Net income increased 39 percent to $28 million for the quarter ended
December 31, 1995 compared to $20 million in the same period in the prior year.
Earnings per share ("EPS") of $0.88 was 24 percent higher than the prior year's
quarterly EPS of $0.71. This increase reflects membership growth derived
substantially from the government programs and a lower government medical loss
ratio and was offset by the impact of the public offering in March 1995 which
increased the weighted average number of shares outstanding (See Note 4 of the
Notes to Condensed Consolidated Financial Statements).
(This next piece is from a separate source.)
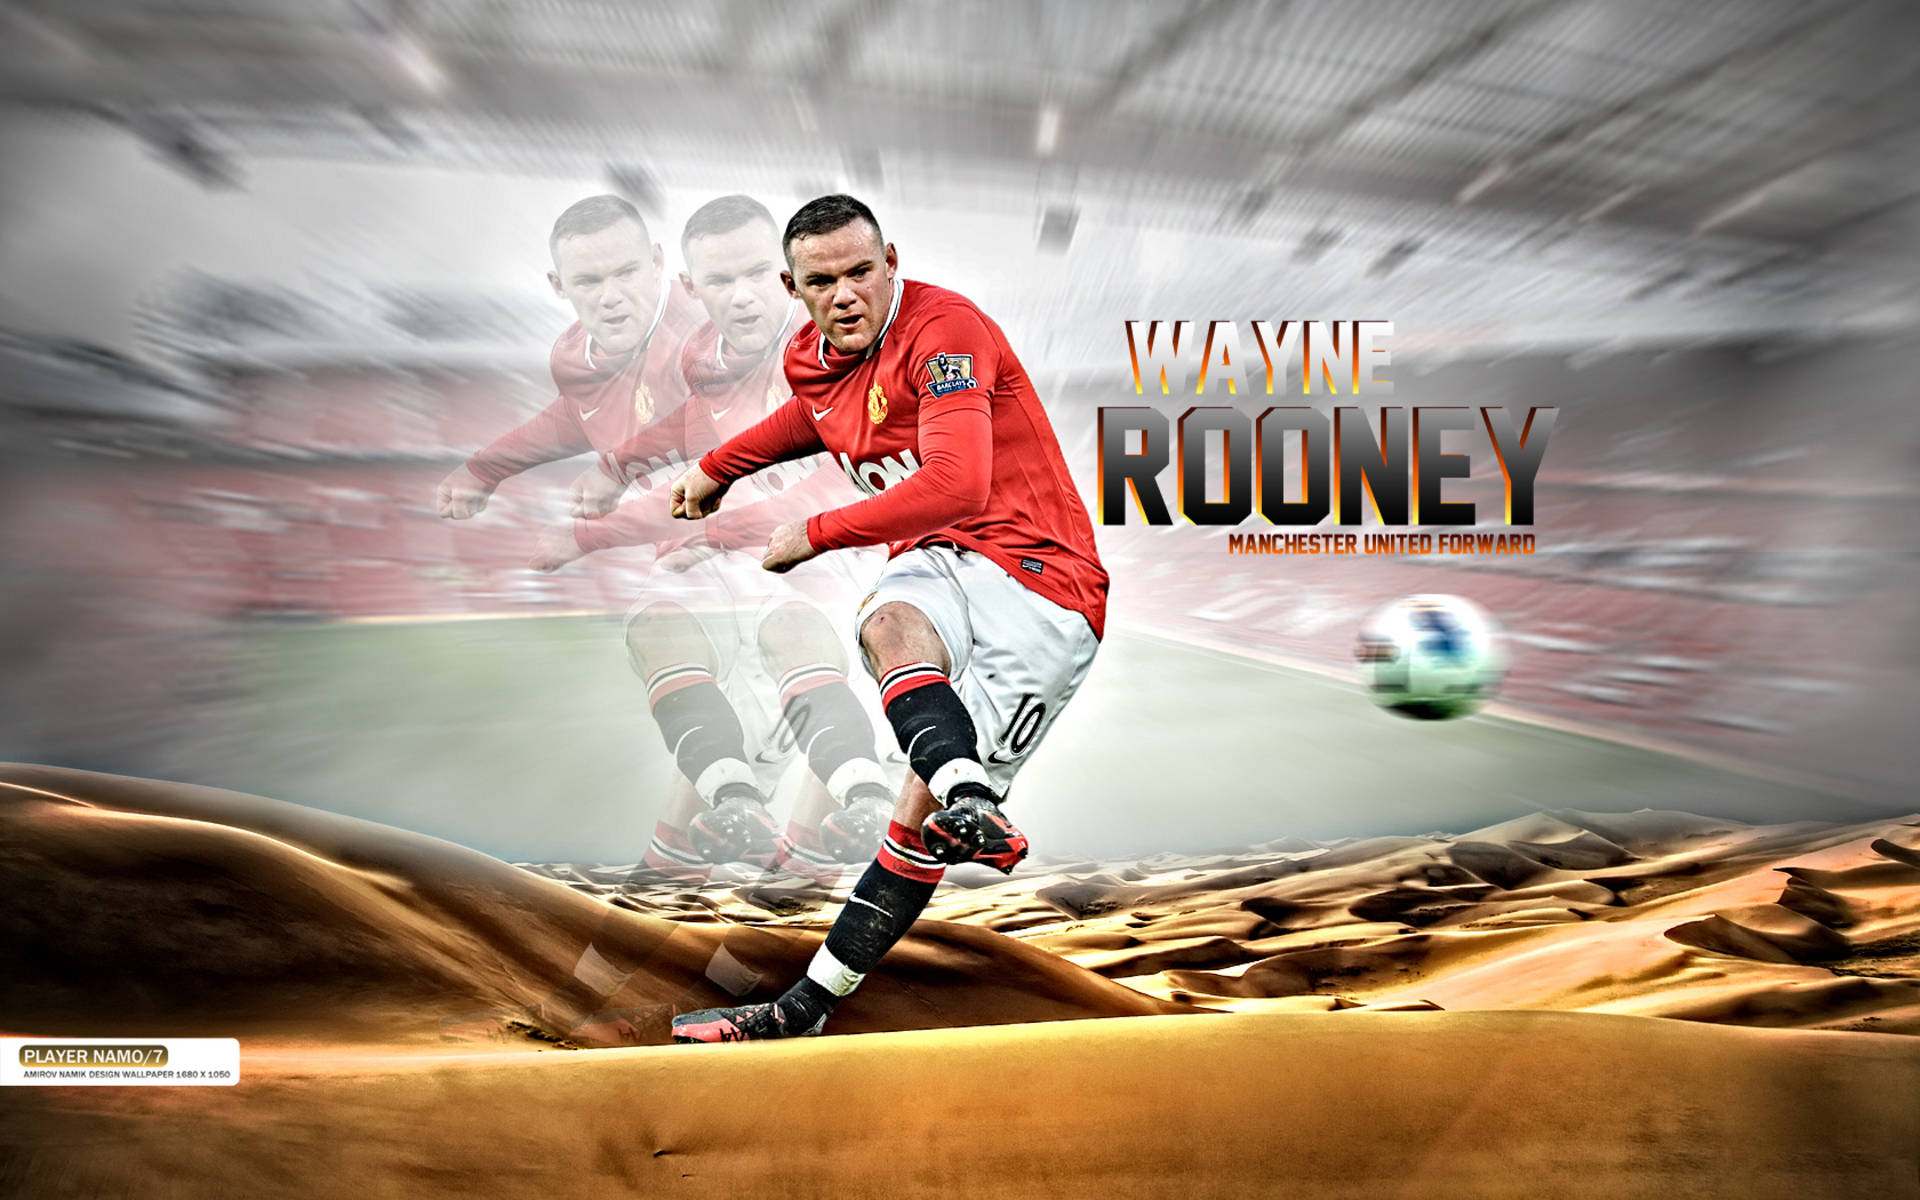 Wayne Rooney Manchester United Forward Background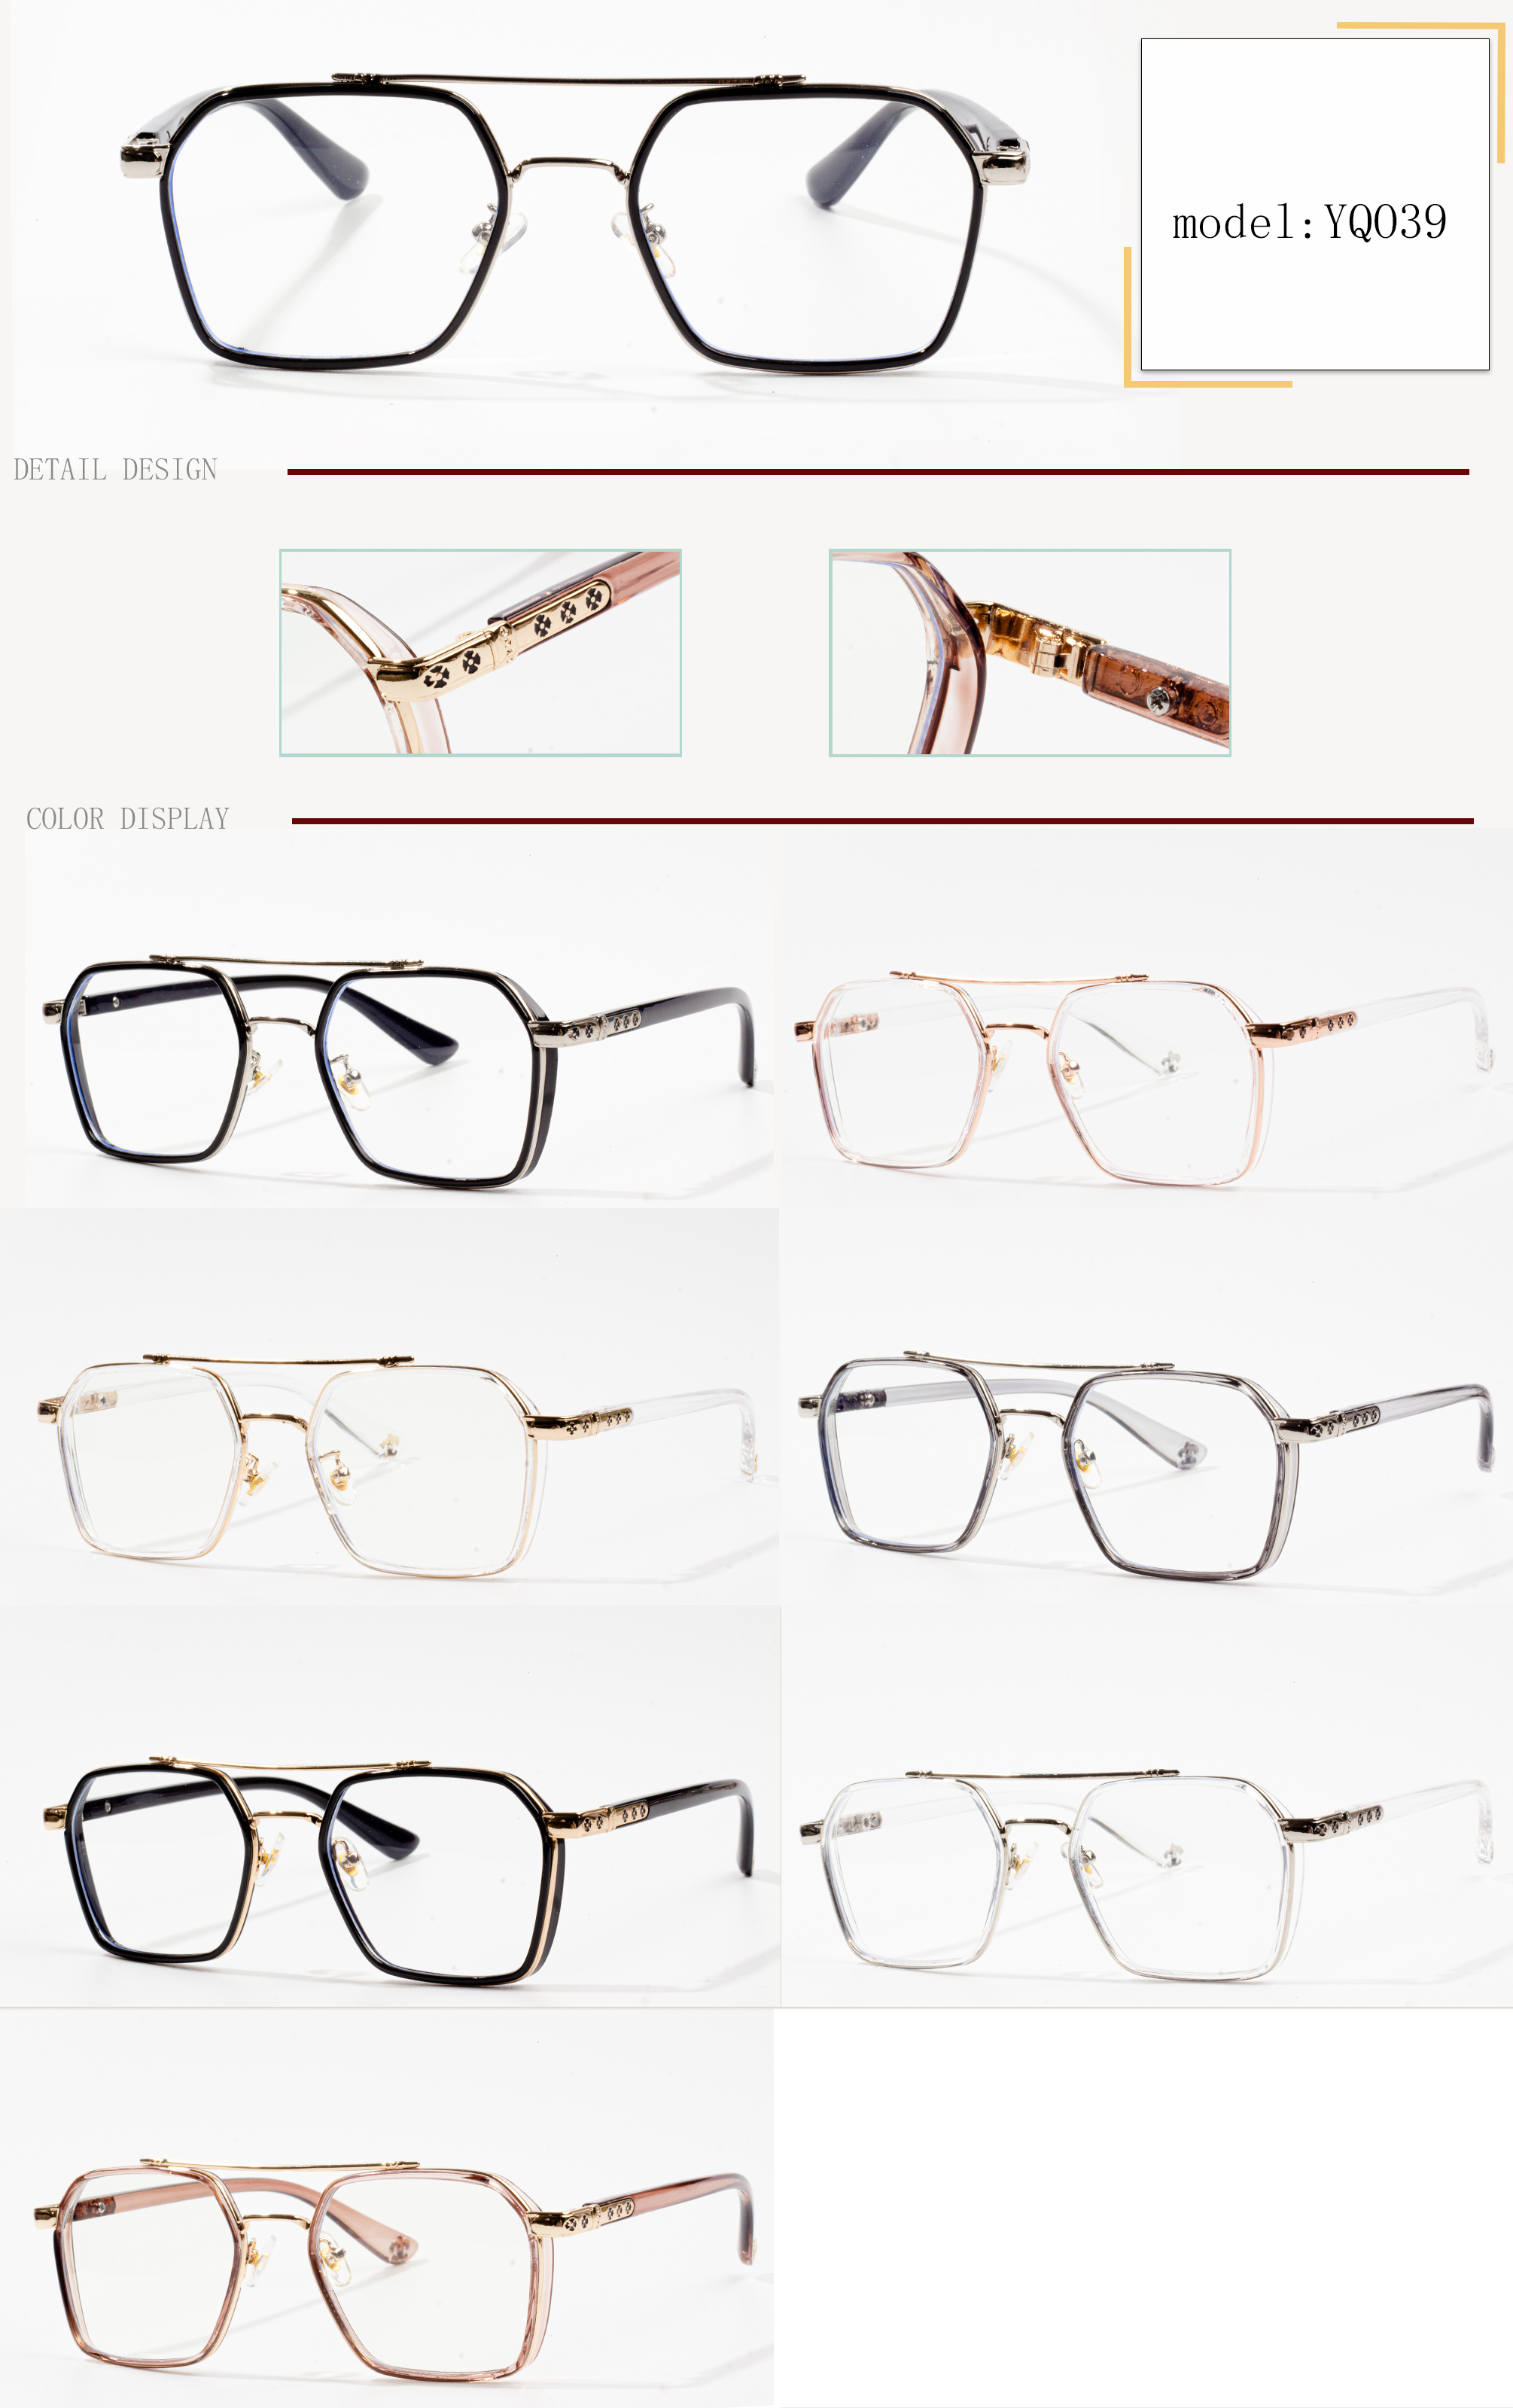 montature per occhiali su misura

The Company's ability to expand is affected by increasing competition not
only in product choices but also in the number of competitors in the Company's
service areas. Certain large employer groups and other purchasers of health
care services continue to demand minimal premium rate increases or reductions in
premium rates while limiting the number of choices offered to employees. In
addition, securing cost effective contracts with additional physicians is
becoming difficult due to increasing competition among HMOs for physician
contracts. The Company's profitability depends, in part, on its ability to
maintain effective control over health care costs while providing members with
quality care. Factors such as health care reform, levels of utilization of
health care services, new technologies, hospital costs, major epidemics, and
numerous other external influences may affect the Company's operating results.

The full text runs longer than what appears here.